** DESCRIPTION OF THE TASK **
Return the data below in full and exactly, except that the pictures are dropped.

START DATASET EXTRACT

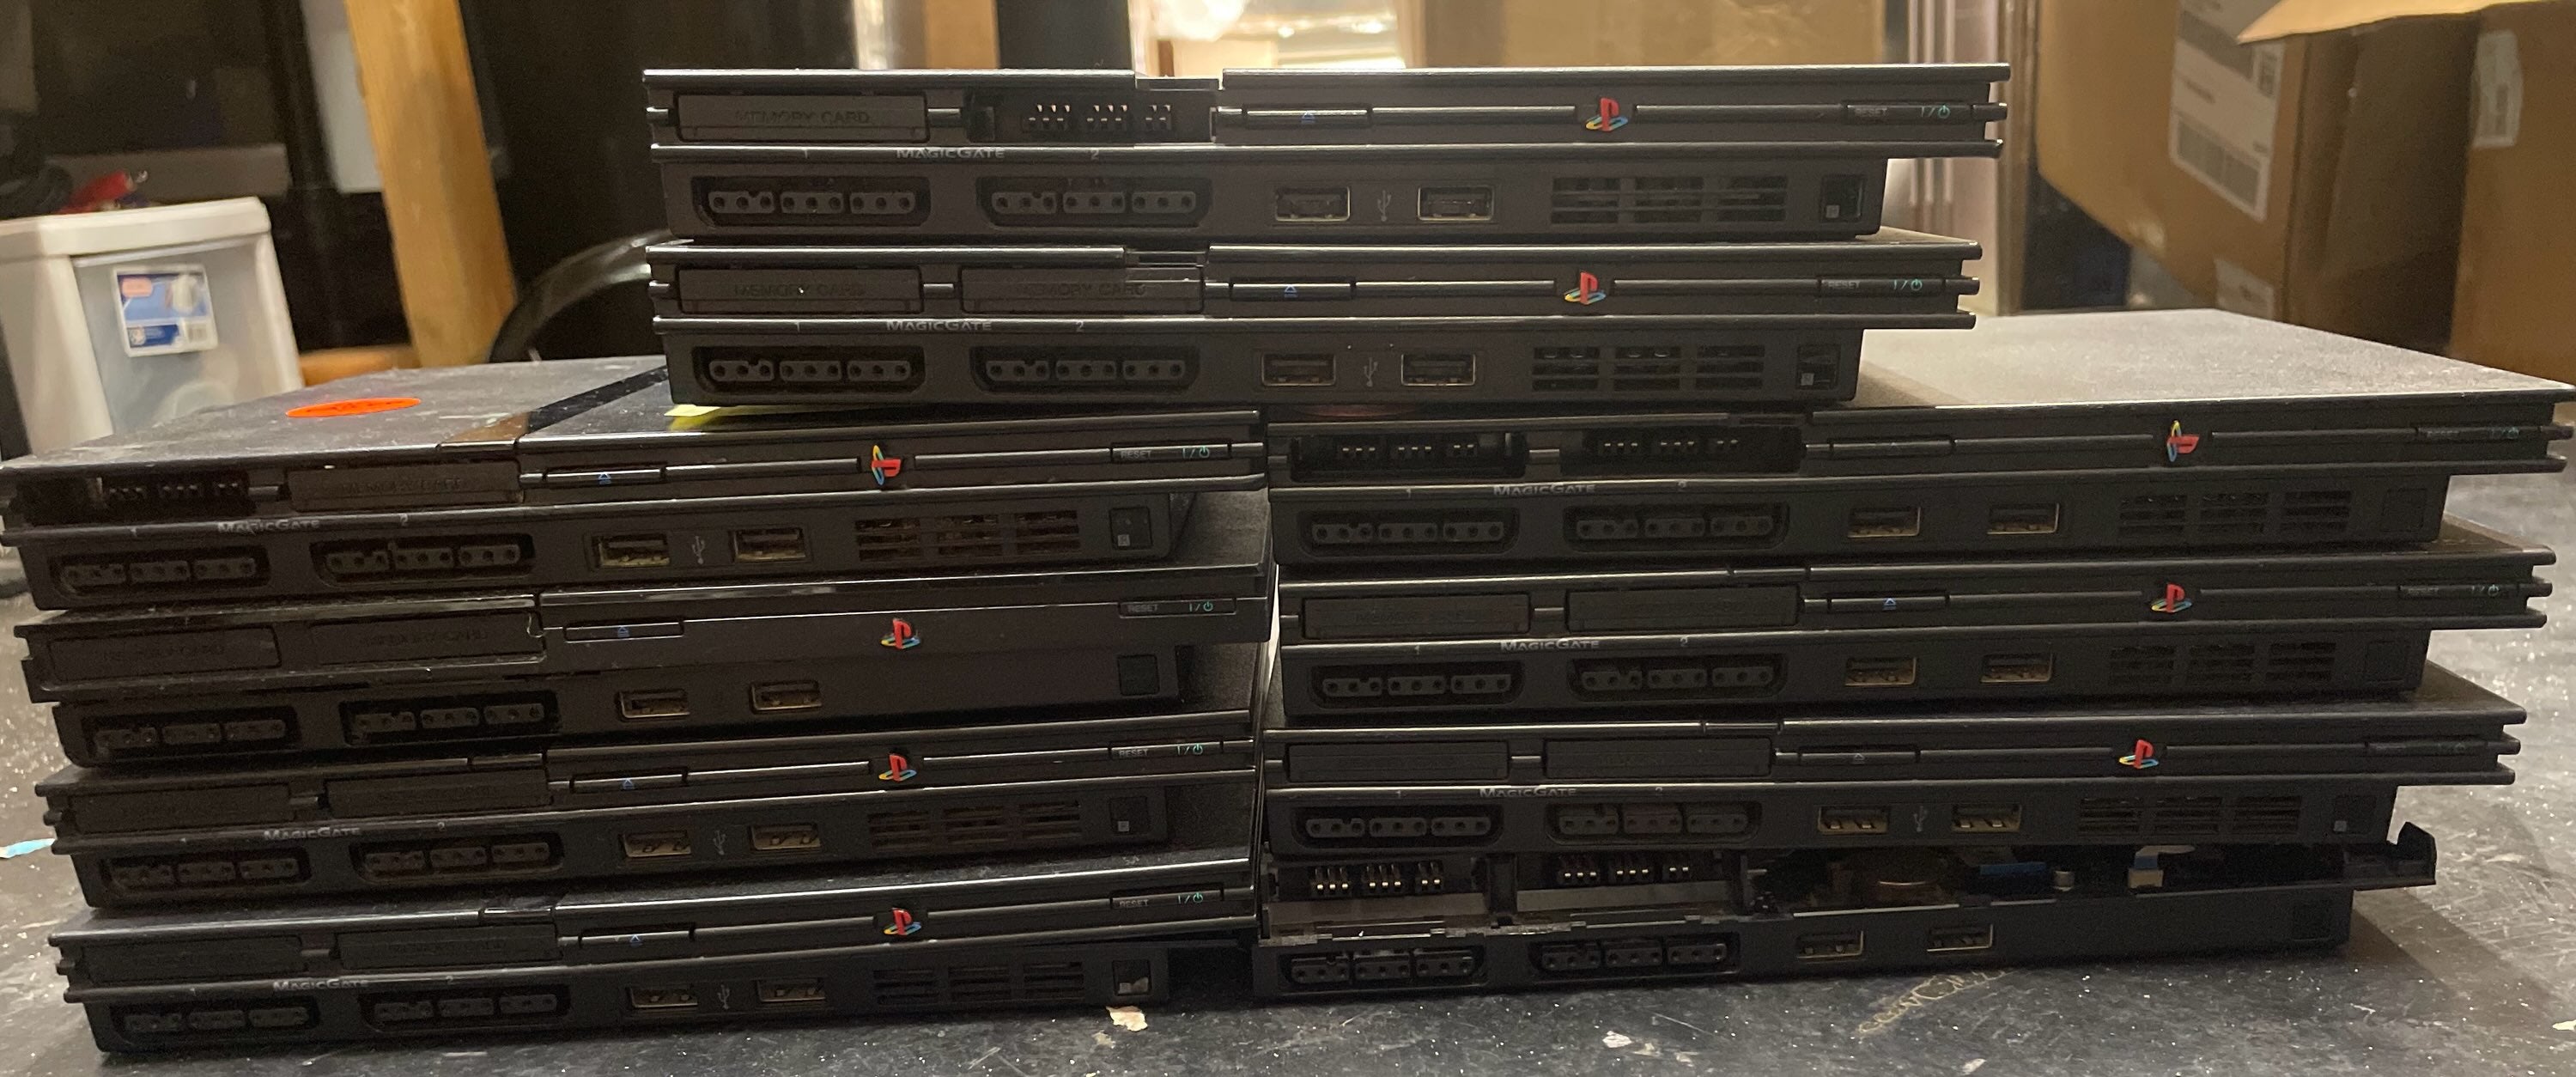 Lot of 10 Sony PlayStation 2 PS2 Slim Consoles for Parts or Repair
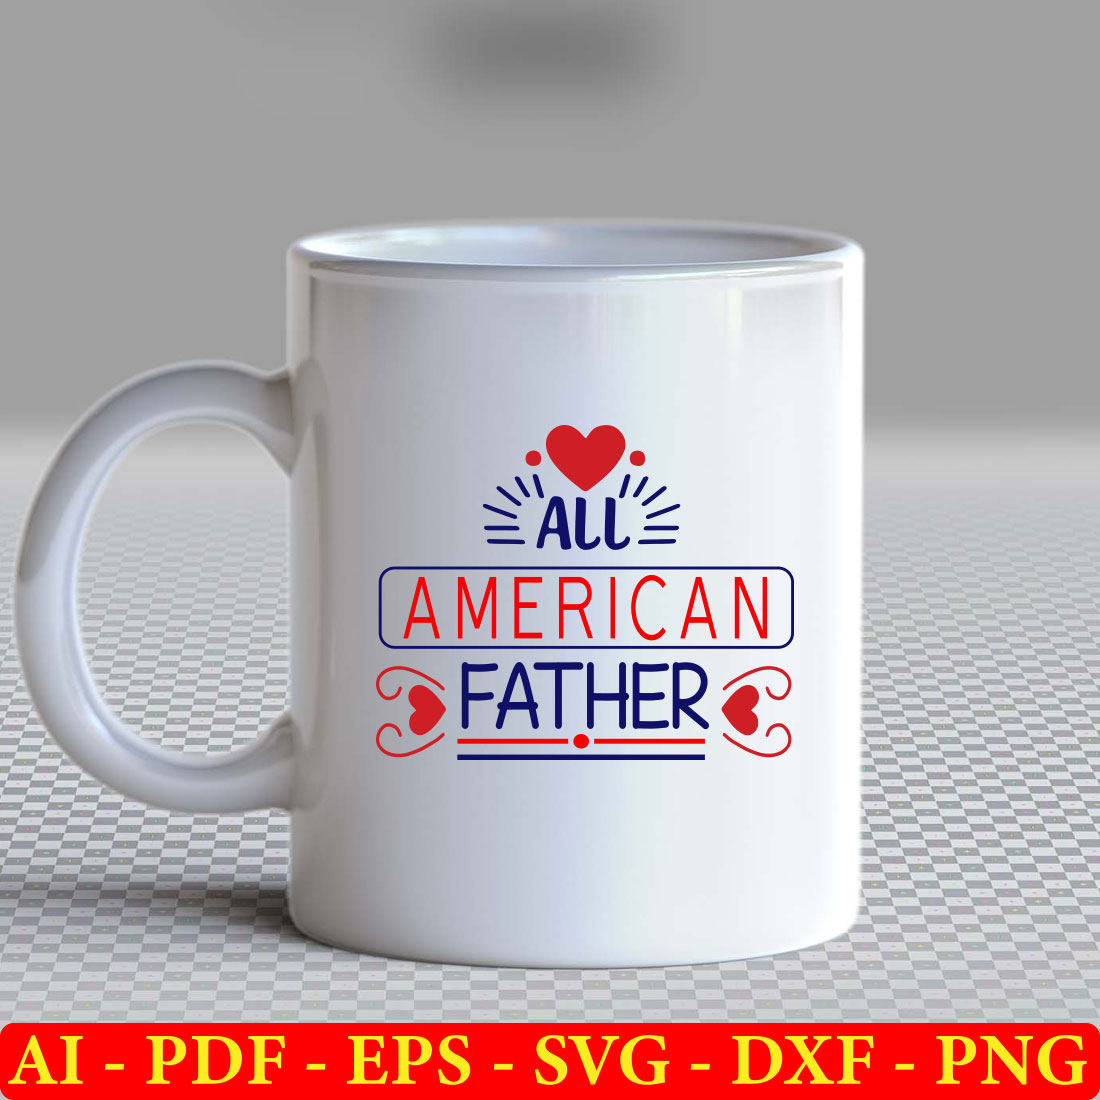 White coffee mug with the words all american father on it.
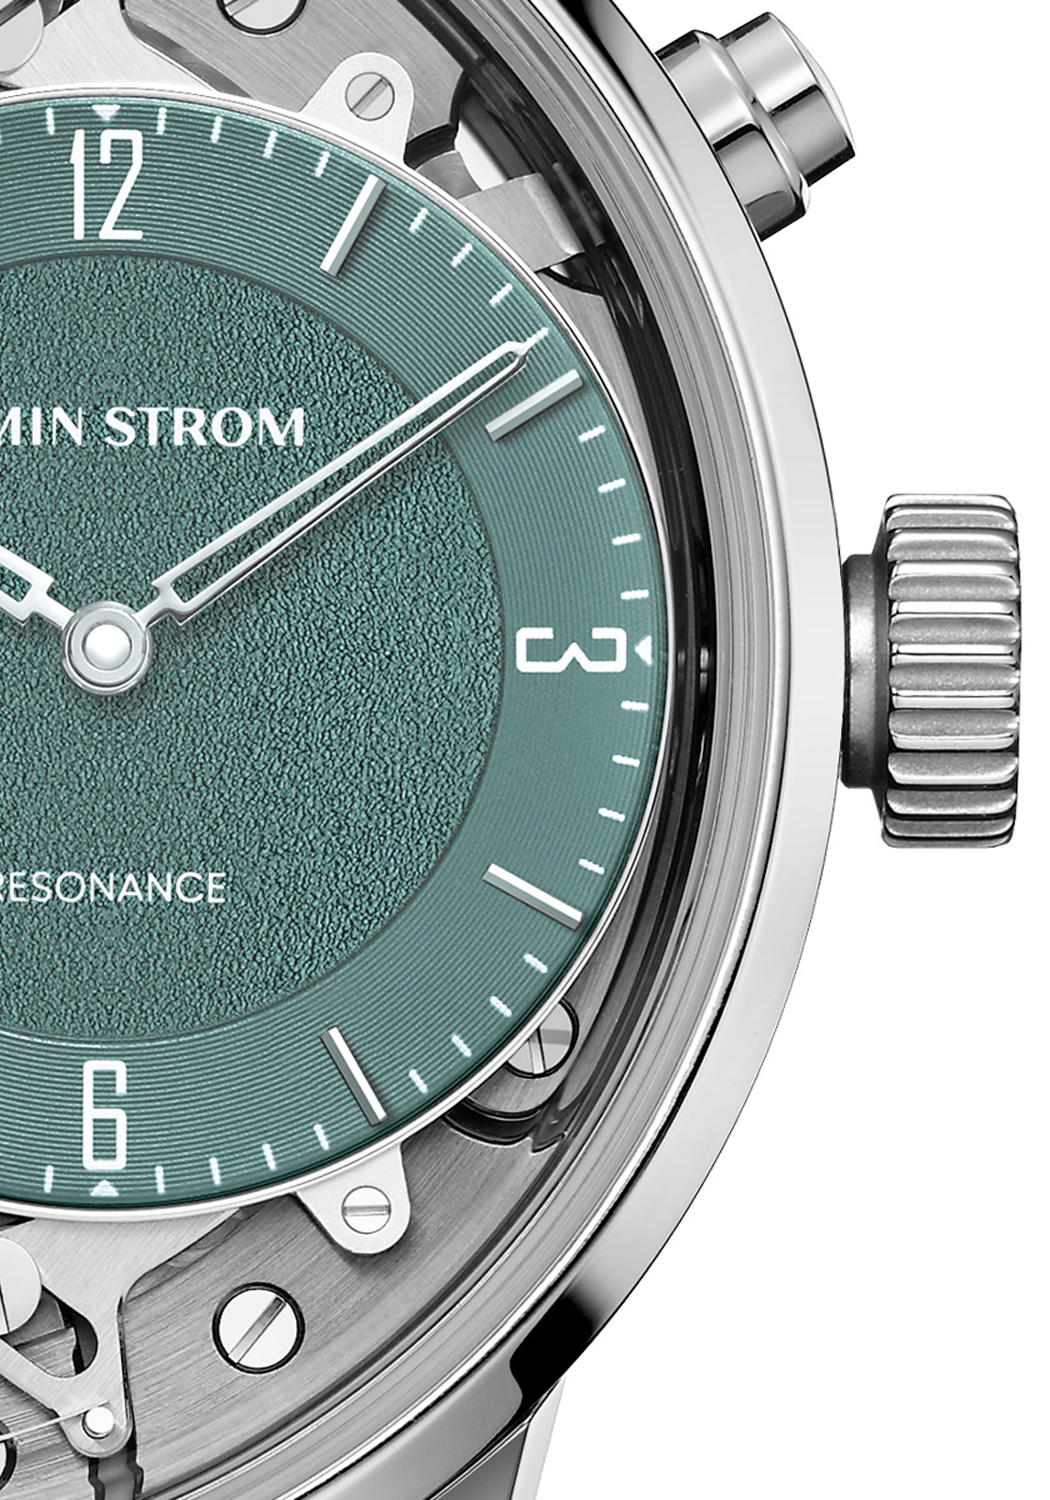 Armin Strom Mirrored Force Resonance Manufacture Green Edition | Ref. ST22-RF.20 | OsterJewelers.com

END DATASET EXTRACT

** RESULT **
 Lot of 10 Sony PlayStation 2 PS2 Slim Consoles for Parts or Repair
 White coffee mug with the words all american father on it.
 Armin Strom Mirrored Force Resonance Manufacture Green Edition | Ref. ST22-RF.20 | OsterJewelers.com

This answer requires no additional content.